To determine if subjects experiencing acute vaginal bleeding in early pregnancy have increased plasma markers of thrombin generation compared to nonbleeding controls.


Subjects with clinically apparent acute (within 24 h of sample collection) vaginal bleeding between 6 and 20 weeks estimated gestational age and without known thrombophilias were enrolled, along with nonbleeding controls, and underwent collection of maternal plasma. Concentrations of thrombin-antithrombin (TAT) and fragment 1 + 2 (F1 + 2) were determined by enzyme-linked immunosorbent assay. Differences between bleeding and nonbleeding subjects were assessed through linear regression with adjustment for gestational age.
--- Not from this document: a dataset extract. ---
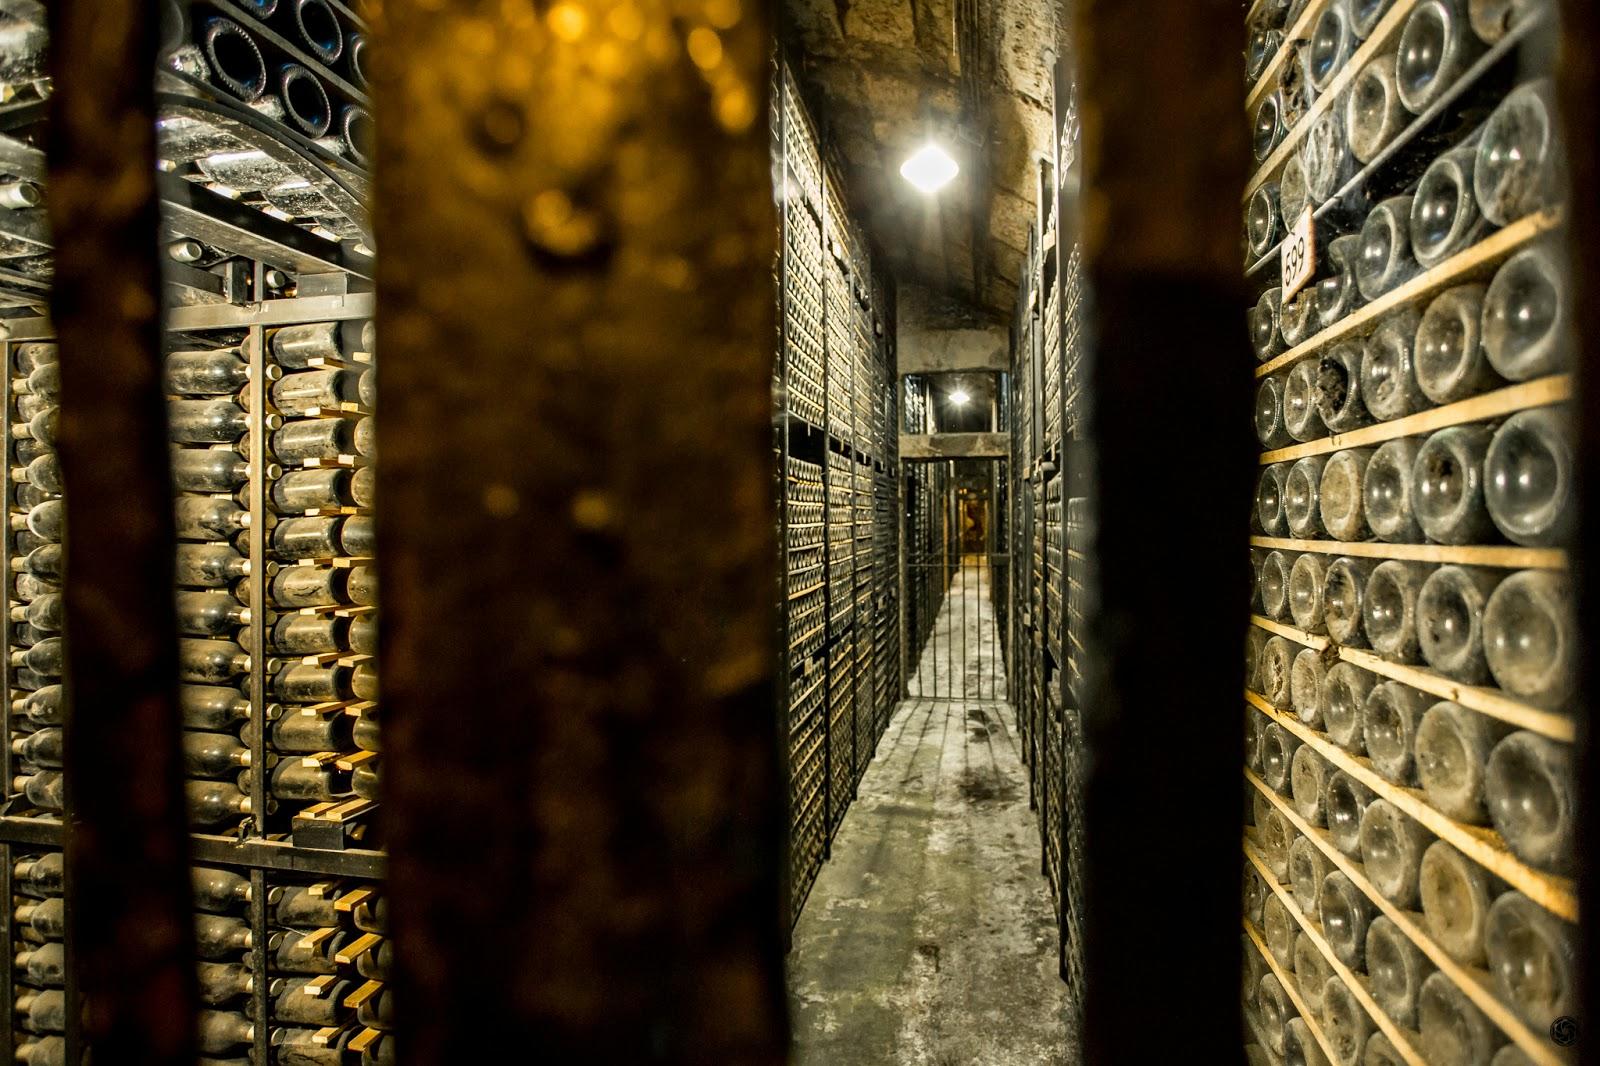 Botellería, mausoleo :: Canon EOS 5D MkIII | ISO6400 | Canon 17-40 @17mm | f/4.0 | 1/25s
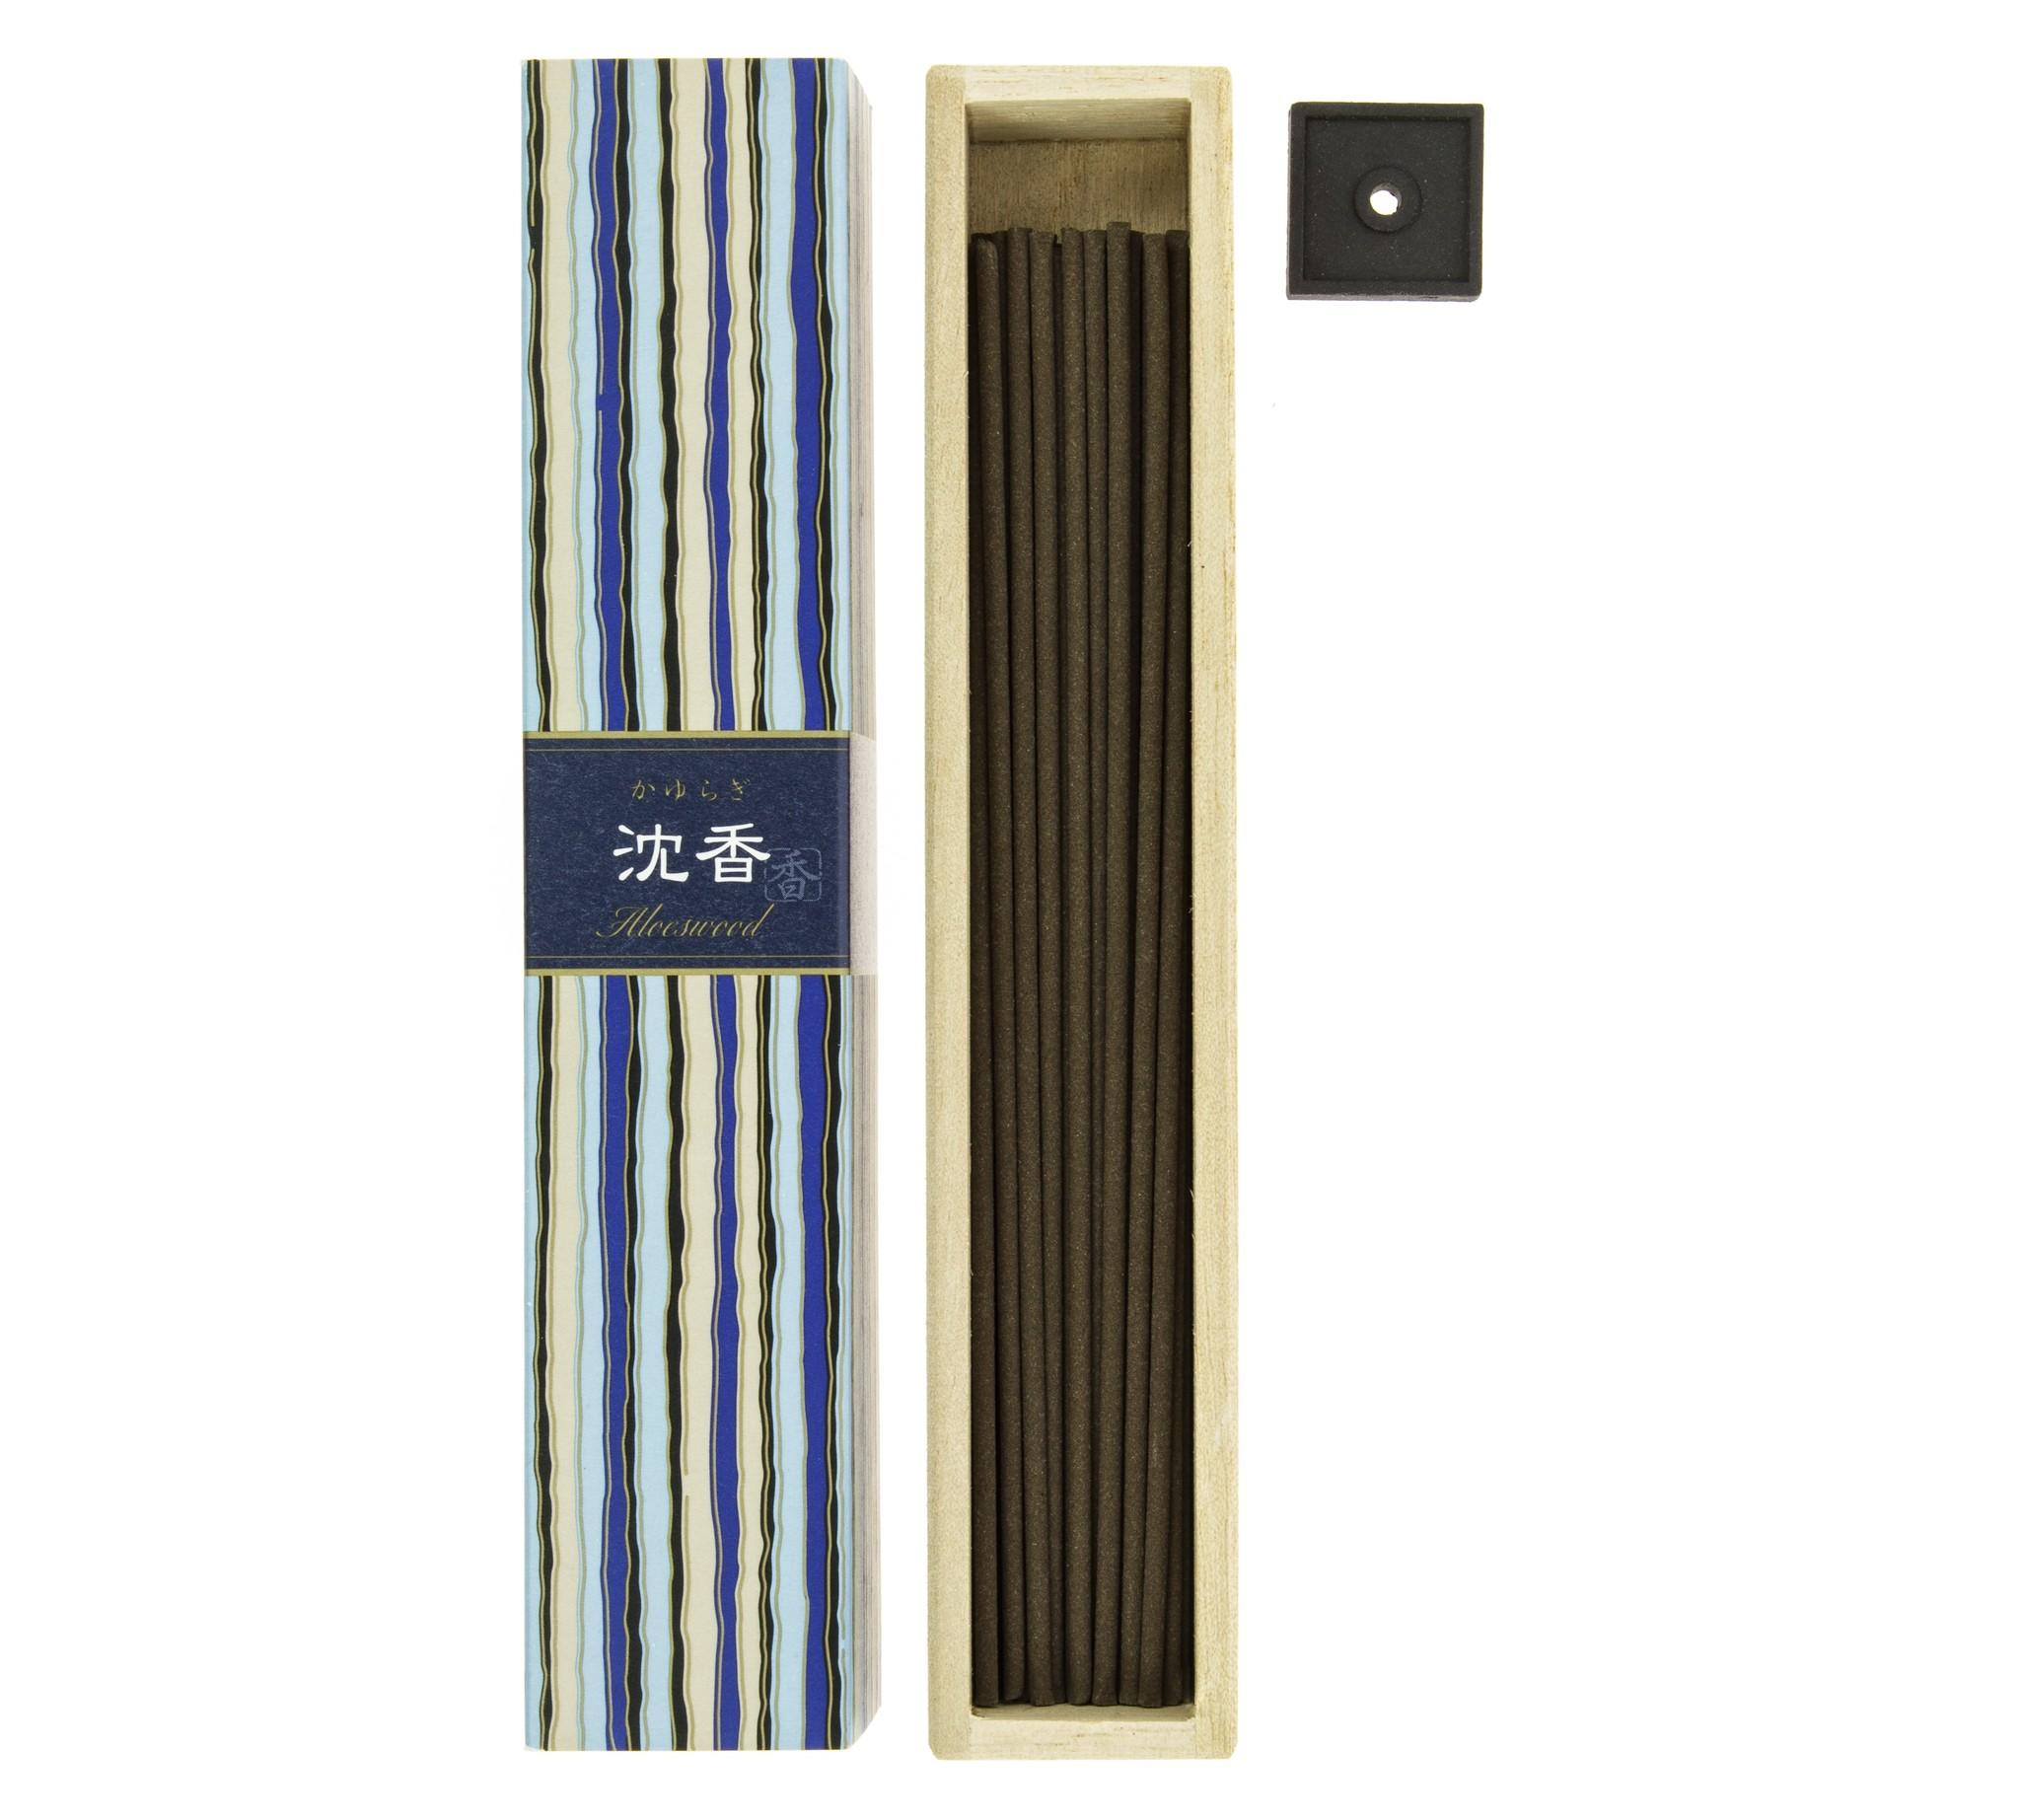 Kayuragi Aloewood Incense-1

Twenty subjects with vaginal bleeding and 20 controls were included. Bleeding was significantly associated with increased concentrations of TAT (p = 0.007) and F1 + 2 (p = 0.044) when corrected for gestational age. Among bleeding subjects, there was no association between markers of thrombin generation and the subject's description of bleeding quantity, though higher concentrations were associated with a longer self-reported duration of bleeding.


Clinically apparent vaginal bleeding in early pregnancy is associated with increased circulating maternal markers of thrombin generation. Thus, these maternal markers may have a future role in risk stratification.